## Work task
Once the line with "Sensational 3 Legged" is found in the entries below, repeat it and each following line exactly, up to and including the line with "39x75 cm, creme". Add no other lines.

## Data under study
★ ★ ★

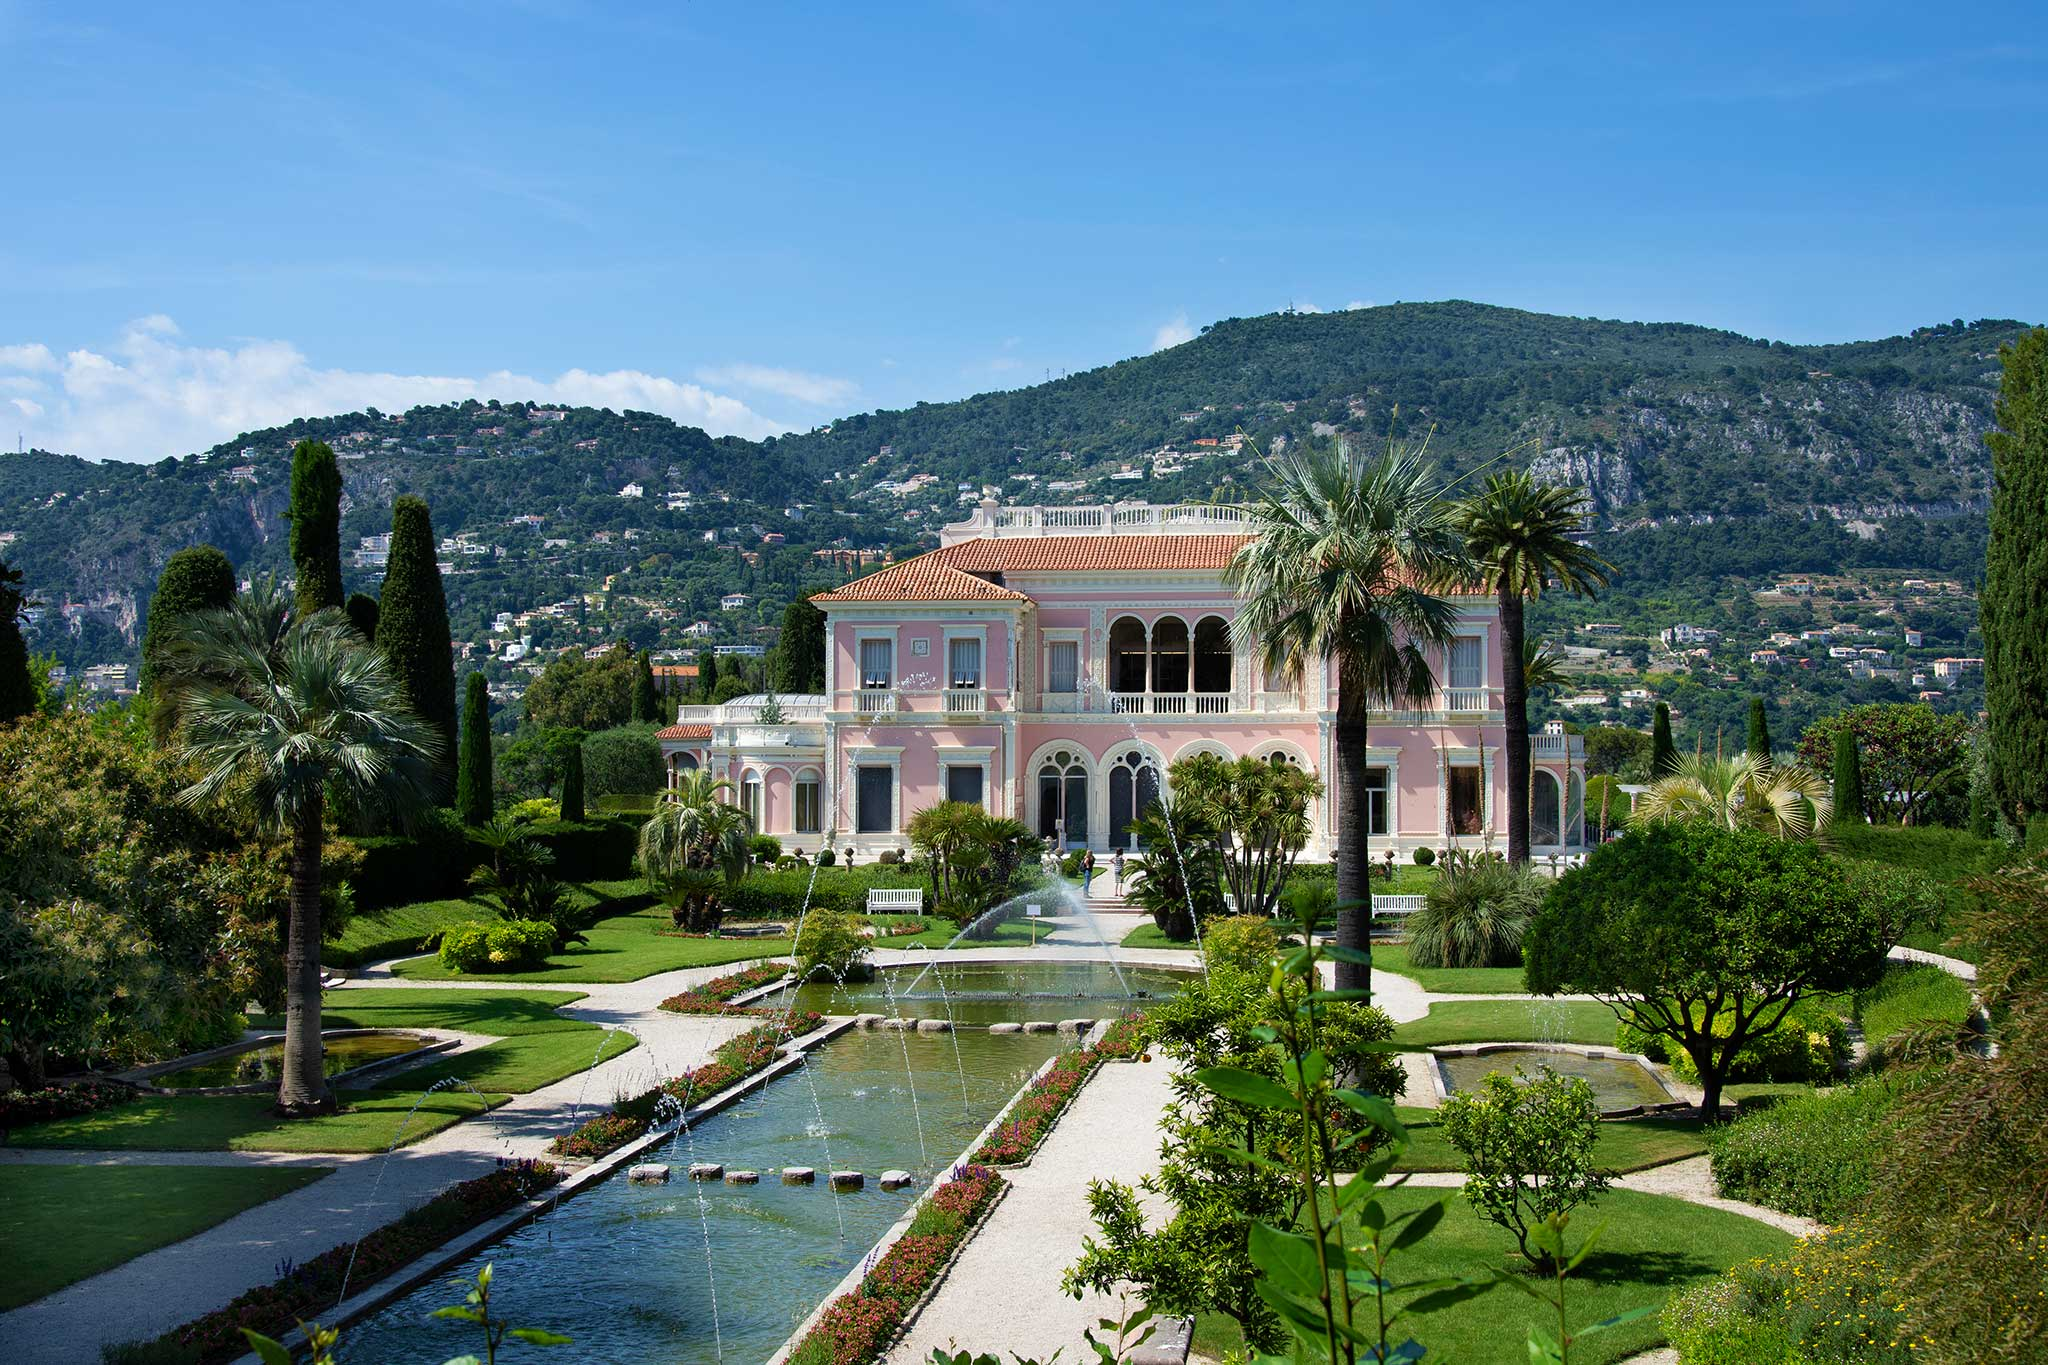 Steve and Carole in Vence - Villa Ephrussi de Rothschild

★ ★ ★

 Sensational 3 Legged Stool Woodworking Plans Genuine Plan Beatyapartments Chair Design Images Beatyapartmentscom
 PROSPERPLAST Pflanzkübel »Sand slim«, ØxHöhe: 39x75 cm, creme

★ ★ ★

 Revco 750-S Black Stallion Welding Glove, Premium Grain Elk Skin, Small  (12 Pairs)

★ ★ ★

## Finished exercise
 Sensational 3 Legged Stool Woodworking Plans Genuine Plan Beatyapartments Chair Design Images Beatyapartmentscom
 PROSPERPLAST Pflanzkübel »Sand slim«, ØxHöhe: 39x75 cm, creme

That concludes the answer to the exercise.